Читаем Conjured полностью

My companion has a painted porcelain face with glass eyes. She’s dressed in a white pinafore, and has one hand tied to the metal bar. The other rests limply in her lap. She has a crack in her porcelain neck; smoke oozes from the crack. Her legs are unfinished, and cotton spills out of the seams.

I cringe, pulling away from her—from it—and wait for the ride to end.

But it doesn’t.

I sweep past the ground, past the crowd, past the man in a black-and-white harlequin suit who turns a crank at the base of the wheel—the Magician, I think, though it doesn’t look like him. The wheel rises into the air, and the birds continue to burn.

* * *

I woke in the bushes. Twigs poked into my flesh. My head lay against the house, and the coolness of the concrete foundation seeped through my hair to my scalp.

It was daytime, either again or still. The sky was gray, and the shadows were flat. It was impossible to tell if it was morning or afternoon.

I’d been lucky. So far, I hadn’t lost the memory of the false hat. Or of Aidan, Topher, and Victoria’s warning. I could have been trapped again and not even known it. I can’t use any more magic, I thought.

Slowly, I crept out of the bushes. Out of the shade, the sun pricked my skin. Humidity thickened the air. A few cicadas buzzed, and I heard a lawnmower in the distance. I need Zach, I thought. He could keep me free—at least until I figured out what to do. I didn’t know what I wanted to do. All I knew was that I was sick of having things done to me.

With that thought, I sprinted across the yard. Reaching the fence, I threw myself at it and climbed over. I landed in the neighbor’s backyard, also empty.

No one shouted at me. No one chased me. So I kept running. I leaped over the fence into the next yard. And then the next yard, and the next. I ran through flower gardens and around sheds and play sets. I squeezed through bushes. I scrambled over wood piles. In one yard, I surprised an elderly woman who was kneeling in her garden—I landed in the soft earth of the flowerbed beside her. In another, kids played in a sandbox. But I didn’t slow. The body that the doctors had shaped for me was strong, and I didn’t need to slow. I felt my feet slap the ground and my muscles work and my heart pump and my lungs inflate and deflate, and it felt wonderful to run free after all the visions of ropes and bindings and boxes.

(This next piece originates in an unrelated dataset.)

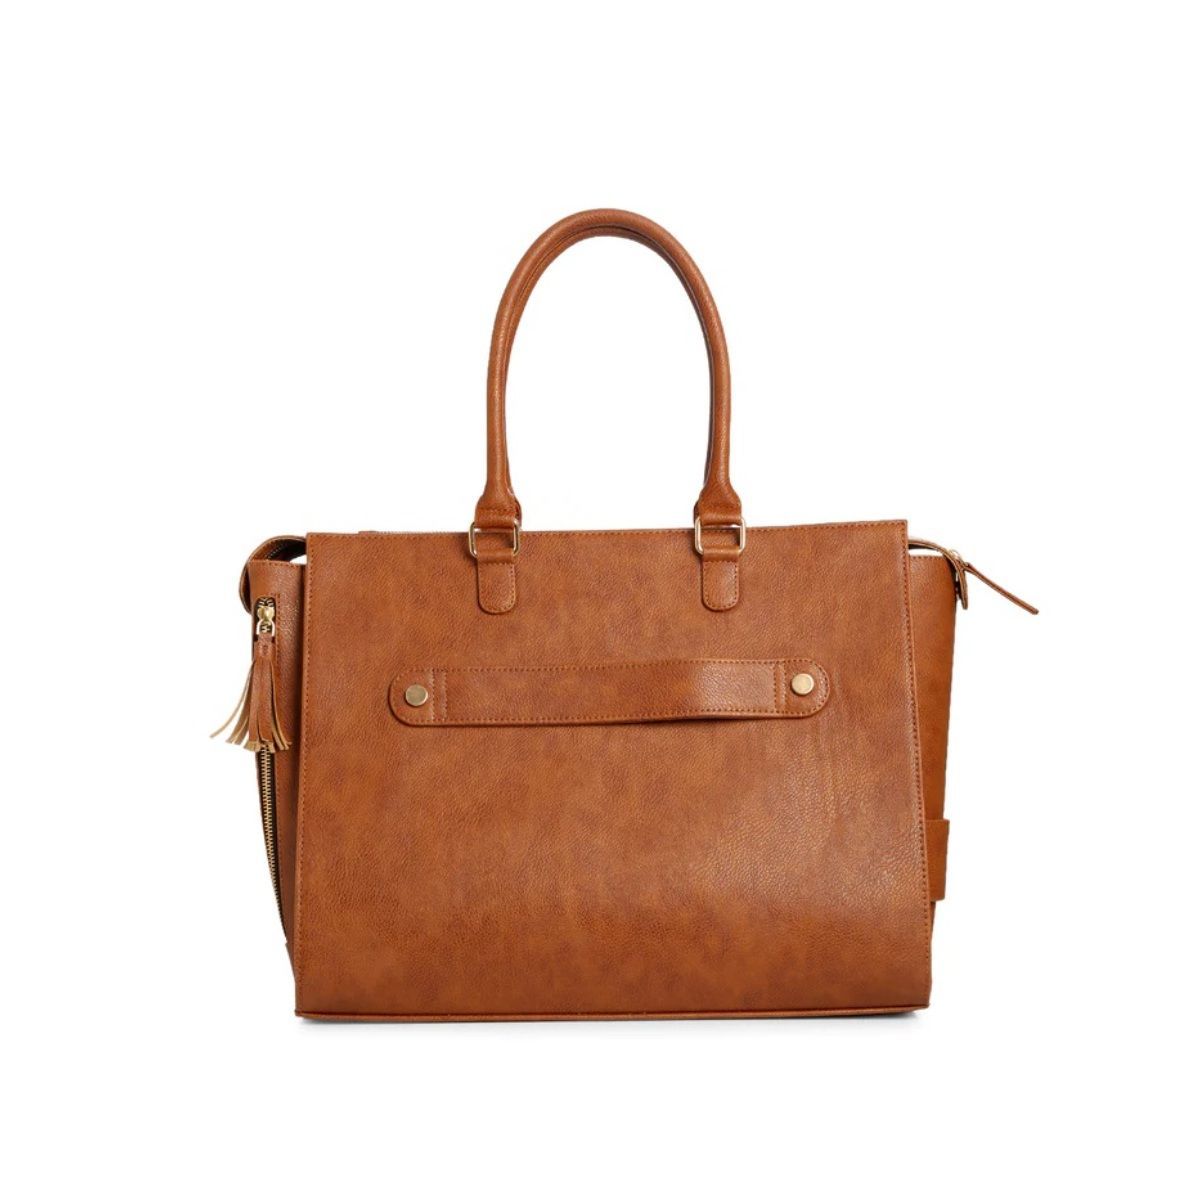 Tasca | Multipurpose leather bag | leather side bag for men – Rashki

But it didn’t—it couldn’t—last forever.

The string of houses ended in a parking lot for a church. For an instant, I froze, staring at the church, as a memory poured into me. Elsewhere, another time, I’d seen a church beside a graveyard with silver pillars, marble statues, and a woman so still that she might as well have been one of the statues. She’d been wrapped in pale-gray scarves … Was it a real memory? I tried to picture the woman’s face, but she was shrouded in mist.

Shaking myself out of my reverie, I ducked behind a garage. Cars drove by. A sprinkler click-clicked as it rotated. On one of the driveways nearby, three boys played basketball. Everything seemed so peaceful and ordinary that it almost lulled me into feeling safe. But I couldn’t trust that feeling. I kept thinking of the woman in mist.

Across the street was the library surrounded by woods. Creeping around the garage, I hid behind a trimmed hedge. I waited until the road was clear, and then barreled across and plunged between the trees.

Green surrounded me, and I waded through the underbrush and climbed over fallen stone walls as I circled the library. The birds chirped louder, and the leaves rustled—squirrels, I hoped.

Listening to the noises, I thought about the woods in my memory, the one with ancient trees and the homes nestled high in the branches. I still couldn’t remember if I’d been chased through the woods or I’d been one of the ones doing the chasing. Oddly, it felt like both.